→ **Task goal**
Return exactly the lines of the records below, starting at the line that contains "Marketing Operacional (Mestrado" and ending at the line that contains "dainty feminine necklace", with both of those lines kept.

→ **Given records**

━━━━━━━━

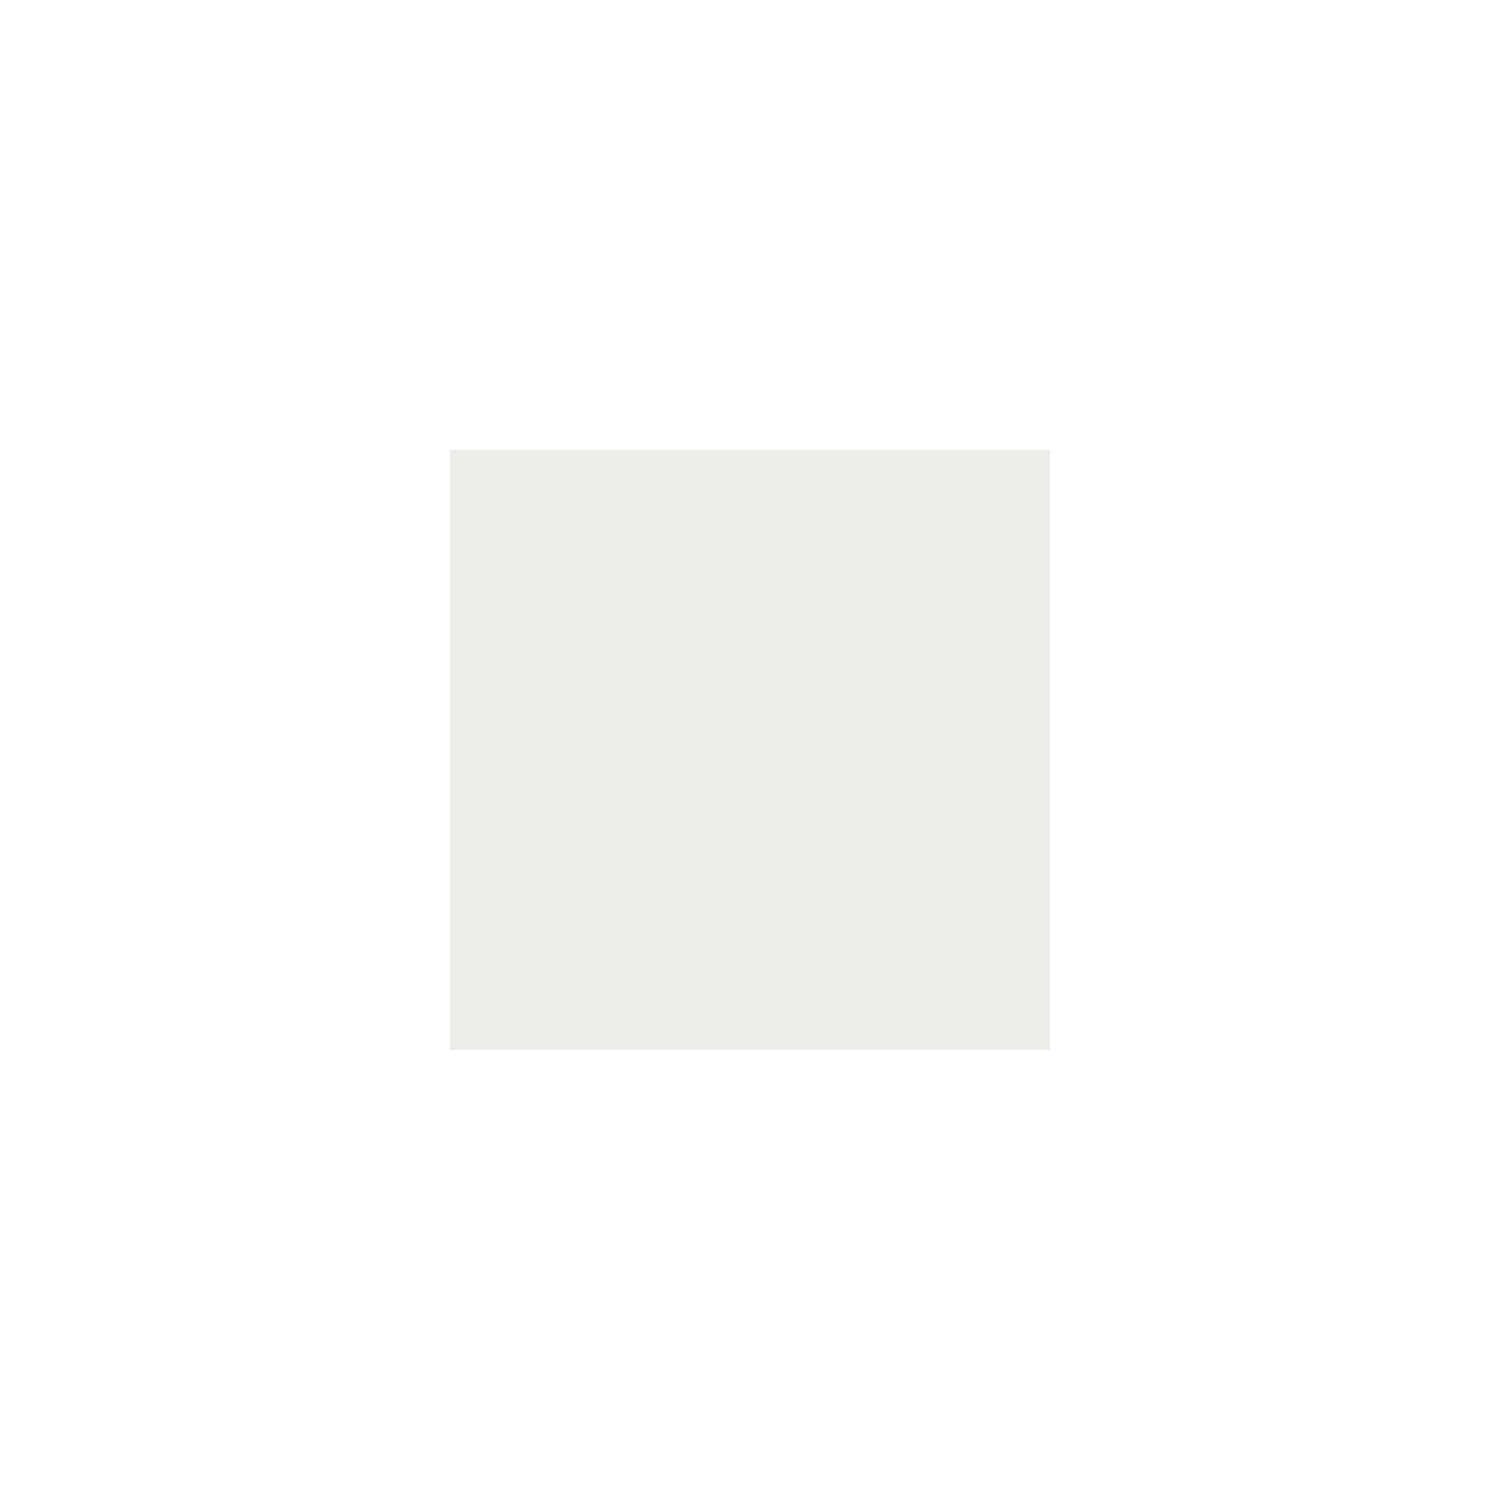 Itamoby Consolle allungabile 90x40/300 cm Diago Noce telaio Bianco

━━━━━━━━

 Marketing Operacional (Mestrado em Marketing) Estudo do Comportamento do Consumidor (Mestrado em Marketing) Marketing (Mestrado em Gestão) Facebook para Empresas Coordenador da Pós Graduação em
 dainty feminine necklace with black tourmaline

━━━━━━━━

→ **Answer below**
 Marketing Operacional (Mestrado em Marketing) Estudo do Comportamento do Consumidor (Mestrado em Marketing) Marketing (Mestrado em Gestão) Facebook para Empresas Coordenador da Pós Graduação em
 dainty feminine necklace with black tourmaline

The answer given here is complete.